• **YOUR OBJECTIVE**: Leave the pictures in the listing below aside and reproduce exactly the lines starting with the one with "Child Fits 0-50" and going on through the one with "Personalized Wallet Men", both ends included.

• **RECORDS**:
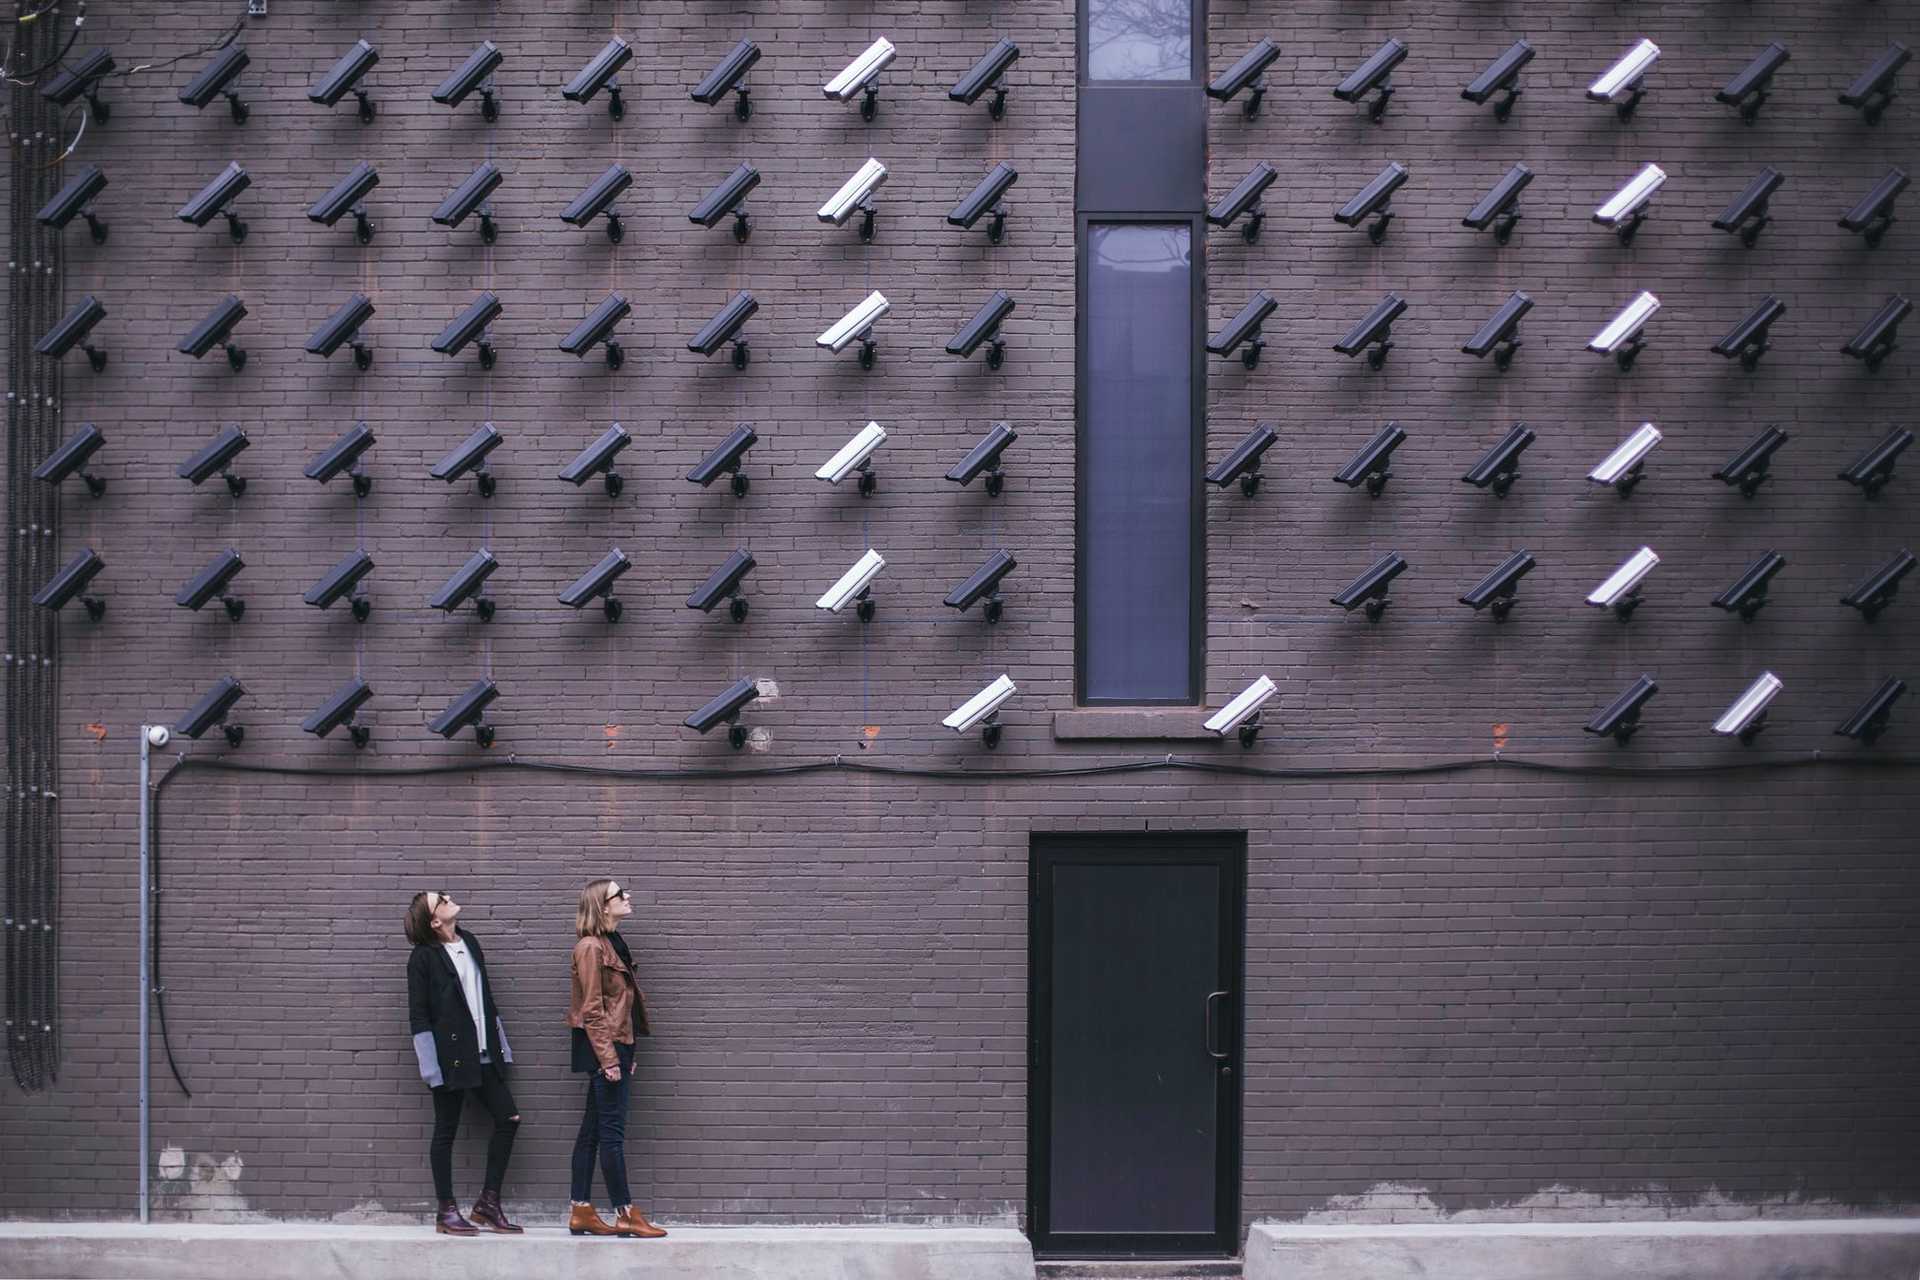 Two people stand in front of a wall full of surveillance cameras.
==
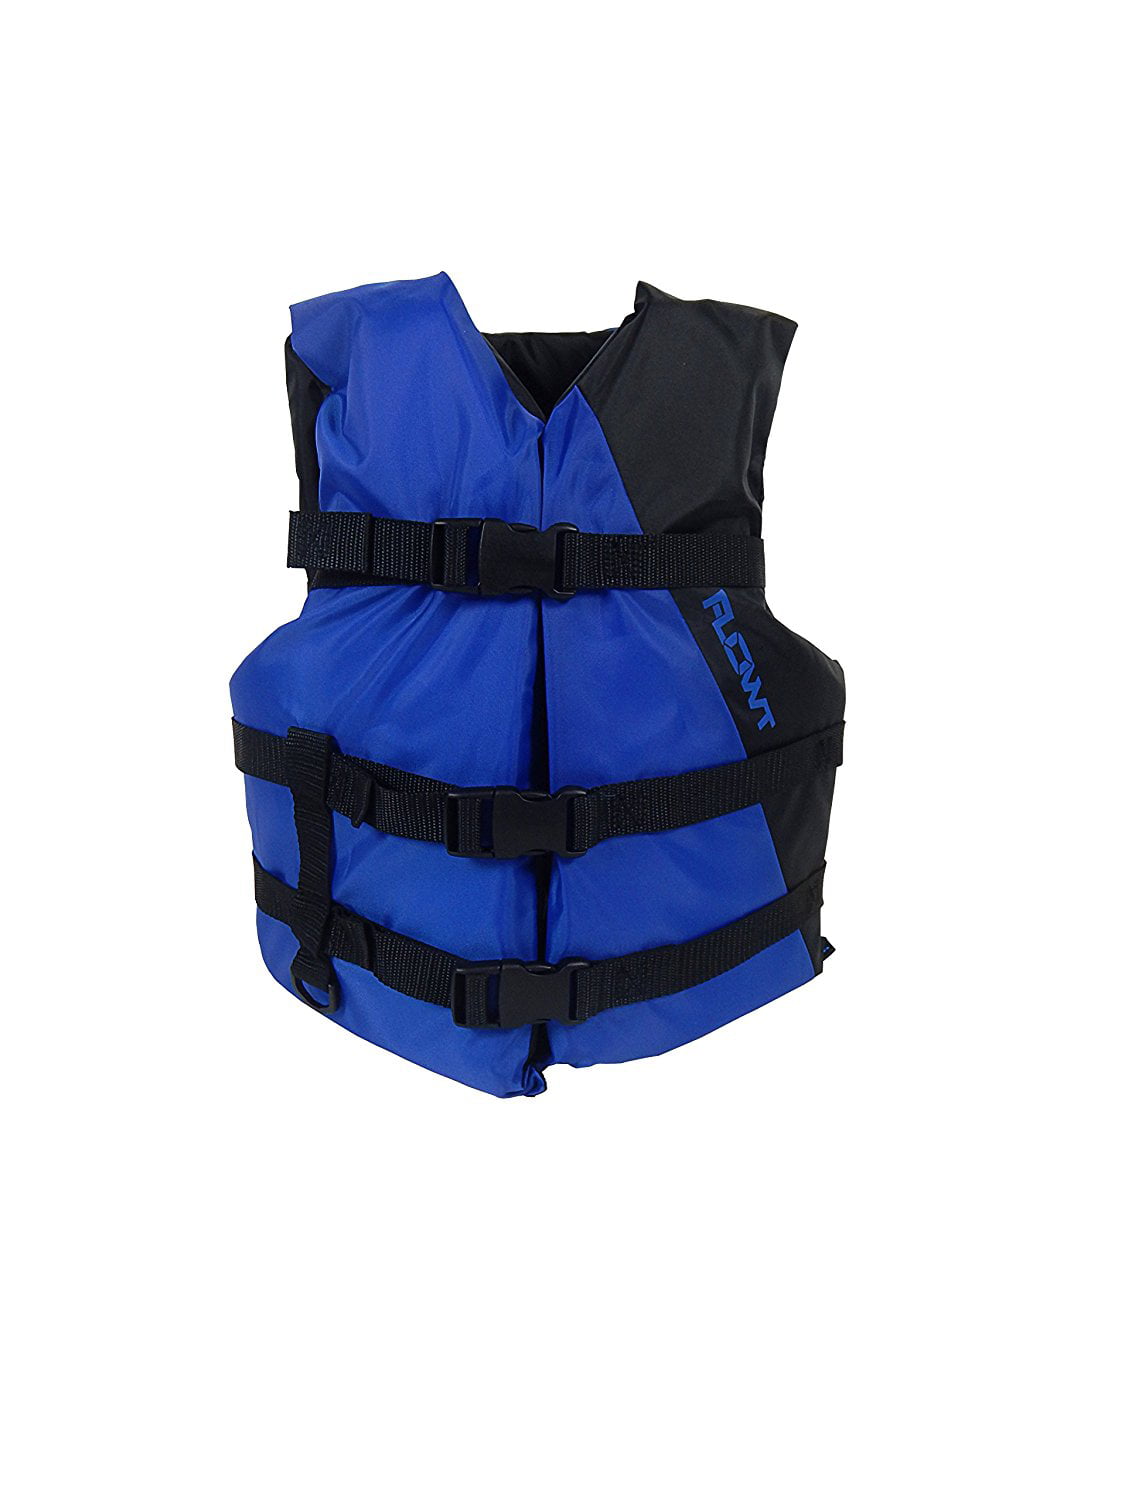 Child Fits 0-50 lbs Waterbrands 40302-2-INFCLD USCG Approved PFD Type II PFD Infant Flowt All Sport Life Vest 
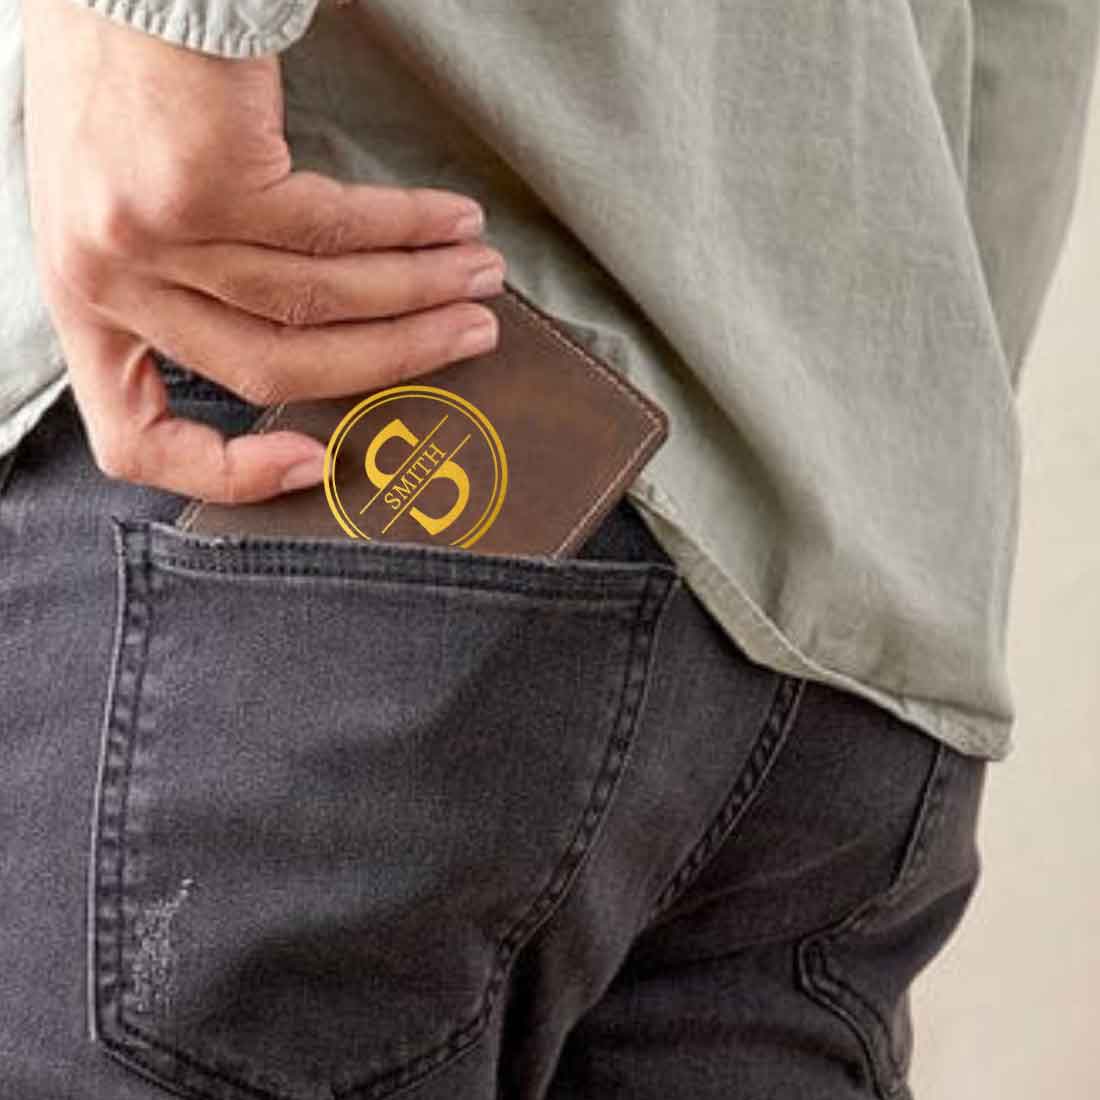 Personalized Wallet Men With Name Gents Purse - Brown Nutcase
* * *
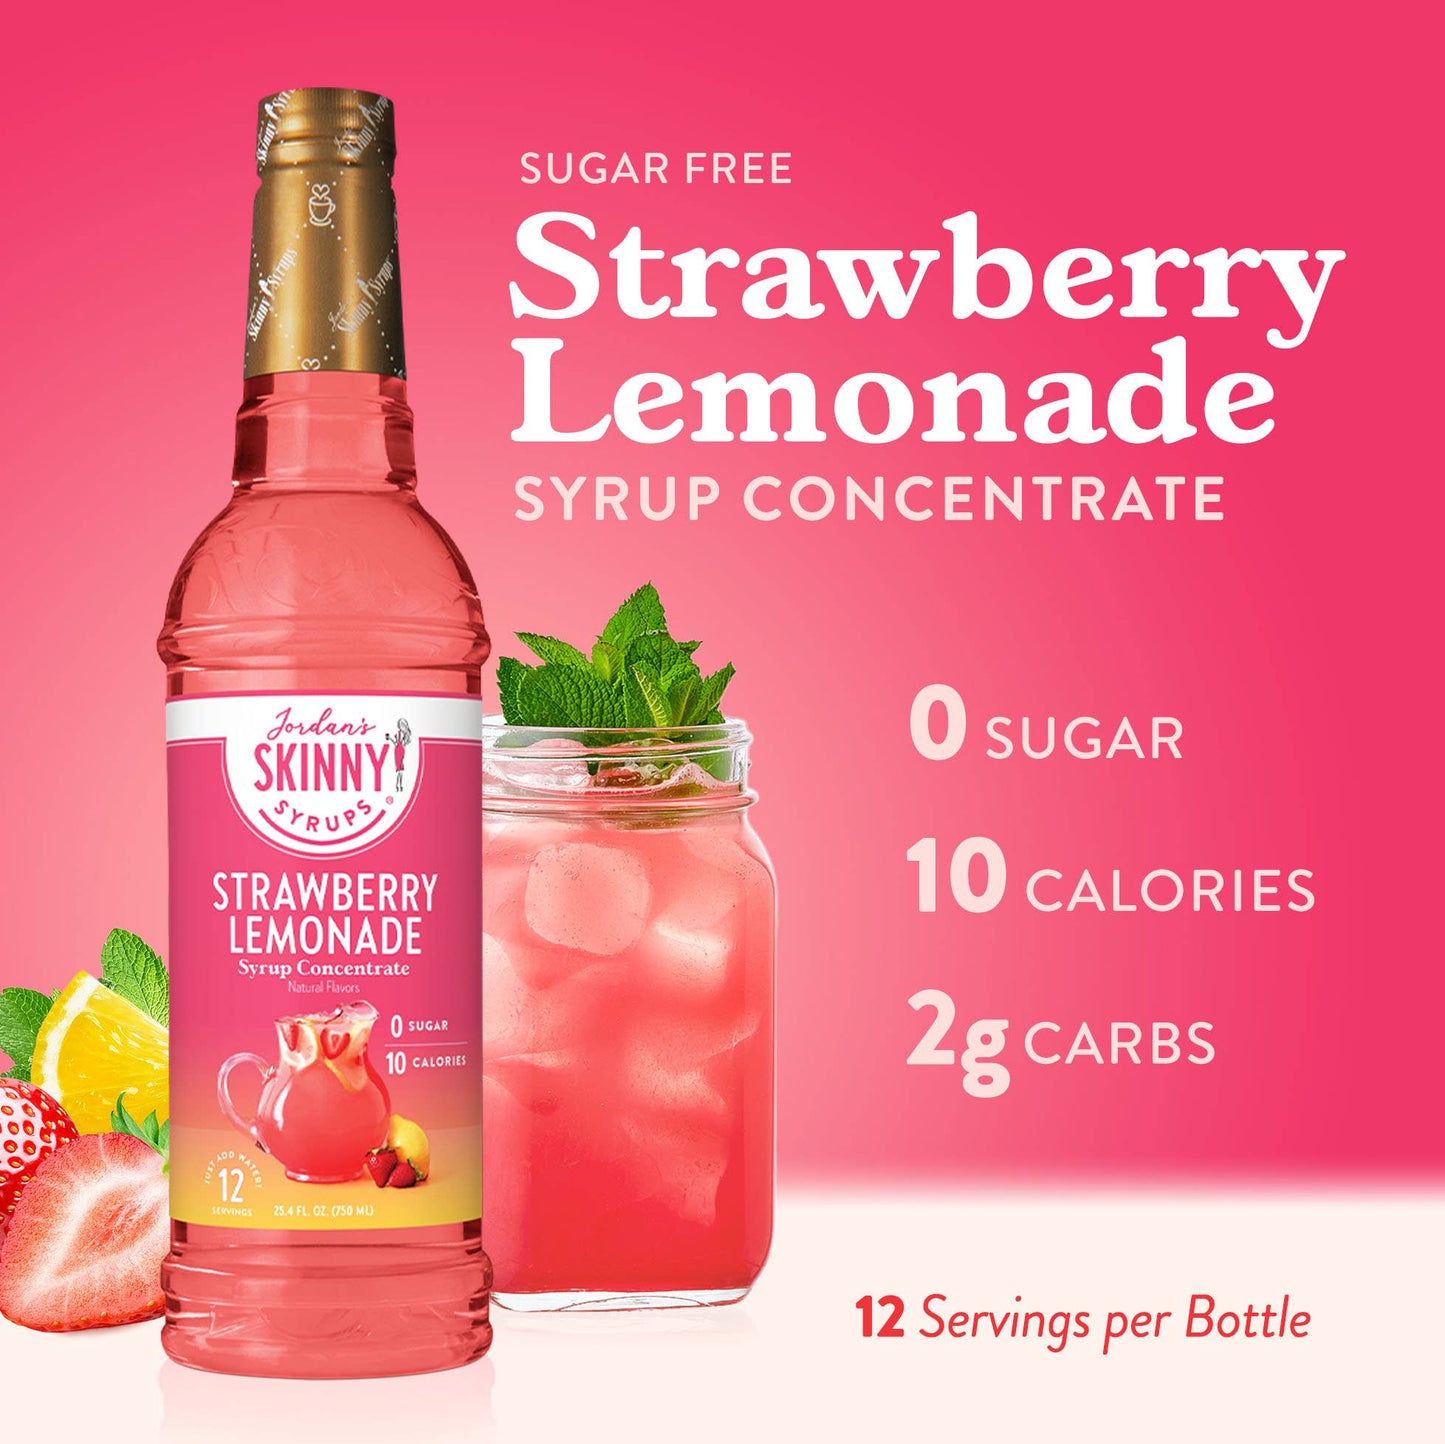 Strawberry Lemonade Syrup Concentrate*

• **EXPECTED ANSWER**:
 Child Fits 0-50 lbs Waterbrands 40302-2-INFCLD USCG Approved PFD Type II PFD Infant Flowt All Sport Life Vest 
 Personalized Wallet Men With Name Gents Purse - Brown Nutcase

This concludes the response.